A Skyline Faded Blue

It's extremely rare for me to find a song that sums up exactly how I'm feeling at any given moment. But if I did have one for today or even recently, this would have to be it.
Not much for conversation
I still find need to pray
Sometimes I get tired of walking
Through these ordinary days
If nothing else I get to see you
Even if we never speak
The harm of words though sometimes
We don't quite know
What they really mean

So let me lay down in this field
And stare up at the sky
I hope the days and clouds turn into something as they pass us by
And maybe you could settle for a skyline faded blue
I hope that you might settle for this love I have for You

I don't know where
I don't know how
I don't know why
But your love can make
These things better
Your love can make these things better
Your love can make these things better
Your love can make these things better
[These Ordinary Days, Jars of Clay]
This song has consistently remained one of my favorites, and like a lot of other songs, it represents a certain moment in my life.
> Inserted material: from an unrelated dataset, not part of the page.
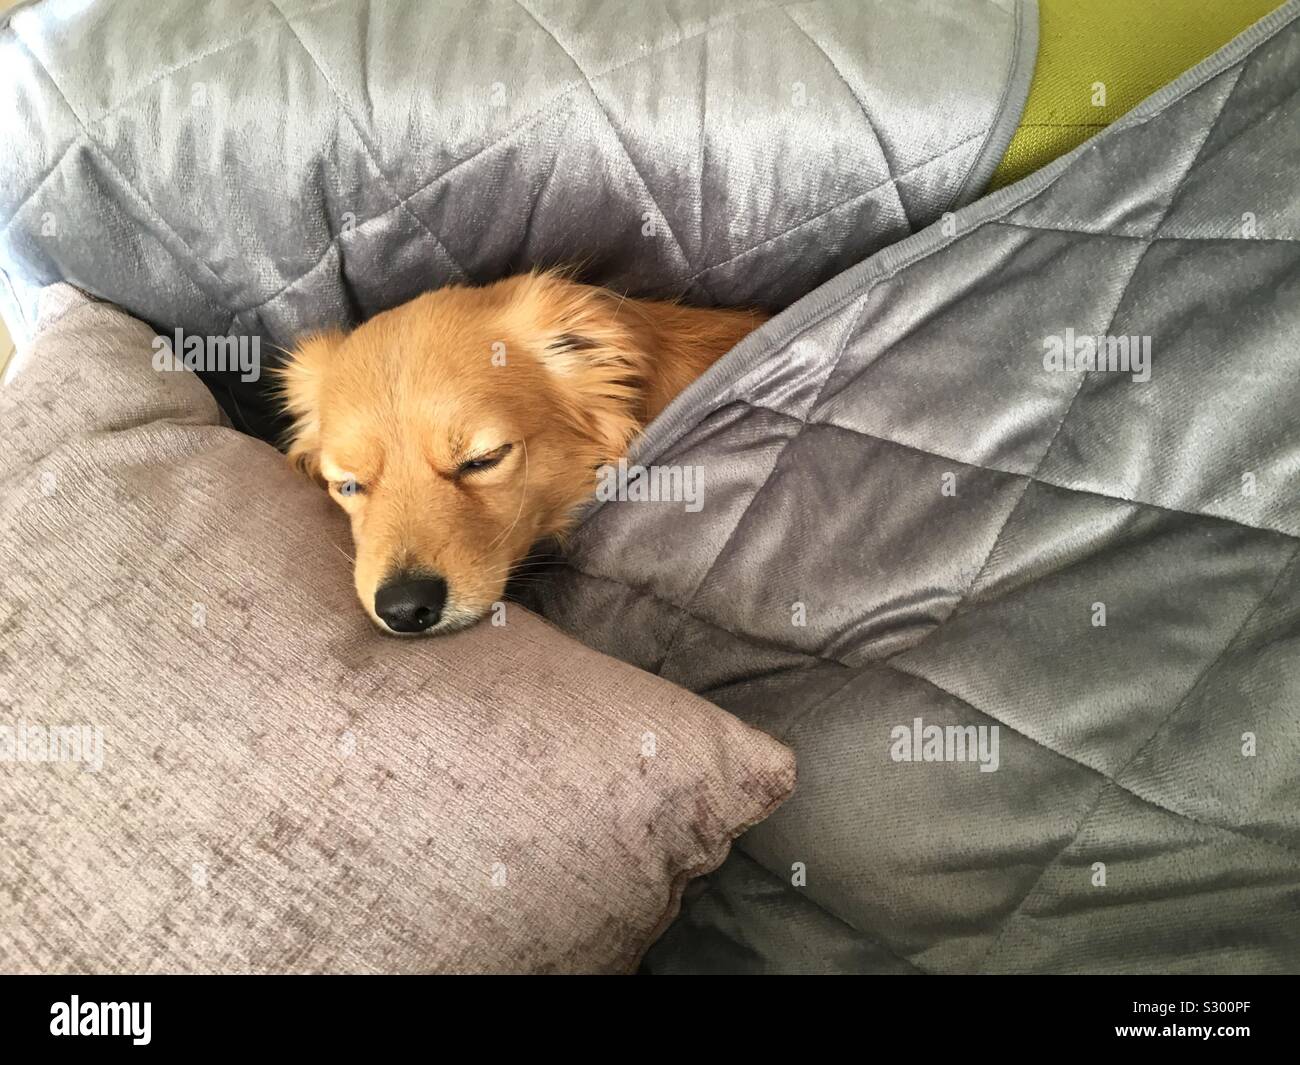 Sleeping cute golden dog under silver-gray blanket. Dreaming so sweet. Somewhere in Europe. Stock Photo

It represents the moments where I don't necessarily feel close to God, or worthy of him, but where I know he loves me all the same. It's the moments where I'm in the valley but I'm still holding onto hope. It reminds me of the days where the skies may seem gray but in reality, a skyline faded blue isn't far away. And through it all, His love can make these things better.

When I listen to this song, I picture Jesus and I lying on the grass, staring up at the sky. Simply being together. And sometimes I picture myself alone; dreaming of the day when we'll be together. Forever and ever.

I can't wait for that day. But for now, I'll continue to walk through these ordinary days, with my head up in the clouds, dreaming of the day when every moment will be eternity. I'm looking forward to it.

(The pictures aren't mine, but I made them look awesome. In other words... I found the pictures here, and I edited them. ;)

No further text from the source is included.